YOUR ASSIGNMENT
Work through the data line by line, gathering every line that has the word "para".
::::::::::
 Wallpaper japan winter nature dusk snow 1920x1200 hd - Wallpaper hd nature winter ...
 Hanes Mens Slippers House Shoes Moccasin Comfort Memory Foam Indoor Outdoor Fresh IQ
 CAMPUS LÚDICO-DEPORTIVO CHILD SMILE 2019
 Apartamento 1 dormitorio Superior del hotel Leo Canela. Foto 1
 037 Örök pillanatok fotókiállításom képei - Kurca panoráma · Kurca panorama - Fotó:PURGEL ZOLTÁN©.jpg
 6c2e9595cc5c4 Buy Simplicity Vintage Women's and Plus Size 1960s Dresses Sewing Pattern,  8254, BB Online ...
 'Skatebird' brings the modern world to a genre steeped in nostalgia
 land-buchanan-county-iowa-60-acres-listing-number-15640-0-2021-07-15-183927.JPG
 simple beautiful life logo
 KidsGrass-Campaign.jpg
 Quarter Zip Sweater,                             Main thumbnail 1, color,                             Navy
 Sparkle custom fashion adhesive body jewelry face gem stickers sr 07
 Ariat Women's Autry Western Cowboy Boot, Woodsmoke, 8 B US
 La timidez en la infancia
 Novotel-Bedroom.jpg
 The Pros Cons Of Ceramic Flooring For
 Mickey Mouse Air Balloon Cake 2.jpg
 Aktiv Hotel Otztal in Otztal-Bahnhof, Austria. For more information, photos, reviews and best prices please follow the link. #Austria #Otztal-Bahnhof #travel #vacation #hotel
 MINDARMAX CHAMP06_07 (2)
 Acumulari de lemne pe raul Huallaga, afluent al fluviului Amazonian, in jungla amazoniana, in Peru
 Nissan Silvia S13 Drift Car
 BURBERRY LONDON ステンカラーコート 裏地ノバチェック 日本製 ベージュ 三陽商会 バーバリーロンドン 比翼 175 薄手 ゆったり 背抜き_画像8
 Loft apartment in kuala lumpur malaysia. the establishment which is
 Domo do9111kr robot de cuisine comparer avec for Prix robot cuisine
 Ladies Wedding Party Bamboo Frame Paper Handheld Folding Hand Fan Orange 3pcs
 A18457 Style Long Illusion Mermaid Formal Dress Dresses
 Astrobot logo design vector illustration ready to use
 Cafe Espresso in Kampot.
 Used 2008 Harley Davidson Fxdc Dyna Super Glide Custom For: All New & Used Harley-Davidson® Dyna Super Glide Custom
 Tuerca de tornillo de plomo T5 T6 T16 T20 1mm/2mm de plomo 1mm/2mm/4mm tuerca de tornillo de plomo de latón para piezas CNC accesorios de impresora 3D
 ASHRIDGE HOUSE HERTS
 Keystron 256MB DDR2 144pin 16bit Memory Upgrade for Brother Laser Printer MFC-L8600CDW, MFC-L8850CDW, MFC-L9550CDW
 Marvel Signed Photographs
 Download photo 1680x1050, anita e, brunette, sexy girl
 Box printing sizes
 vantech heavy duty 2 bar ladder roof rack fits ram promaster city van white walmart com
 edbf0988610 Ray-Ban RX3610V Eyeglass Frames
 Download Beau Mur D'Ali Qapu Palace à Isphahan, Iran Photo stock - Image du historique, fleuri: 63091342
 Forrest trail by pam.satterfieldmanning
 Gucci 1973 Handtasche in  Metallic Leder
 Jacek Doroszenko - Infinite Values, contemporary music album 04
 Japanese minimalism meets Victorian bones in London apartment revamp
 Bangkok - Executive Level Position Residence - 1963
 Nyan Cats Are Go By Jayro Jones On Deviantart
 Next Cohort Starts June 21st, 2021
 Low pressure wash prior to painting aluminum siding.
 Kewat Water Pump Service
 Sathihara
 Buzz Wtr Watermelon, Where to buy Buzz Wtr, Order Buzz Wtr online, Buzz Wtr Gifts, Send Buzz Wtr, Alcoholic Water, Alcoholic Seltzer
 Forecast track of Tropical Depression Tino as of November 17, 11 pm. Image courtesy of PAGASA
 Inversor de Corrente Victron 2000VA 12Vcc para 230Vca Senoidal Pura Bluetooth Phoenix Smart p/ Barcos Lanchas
::::::::::
SOLUTION TO THE EXERCISE
 Tuerca de tornillo de plomo T5 T6 T16 T20 1mm/2mm de plomo 1mm/2mm/4mm tuerca de tornillo de plomo de latón para piezas CNC accesorios de impresora 3D
 Inversor de Corrente Victron 2000VA 12Vcc para 230Vca Senoidal Pura Bluetooth Phoenix Smart p/ Barcos Lanchas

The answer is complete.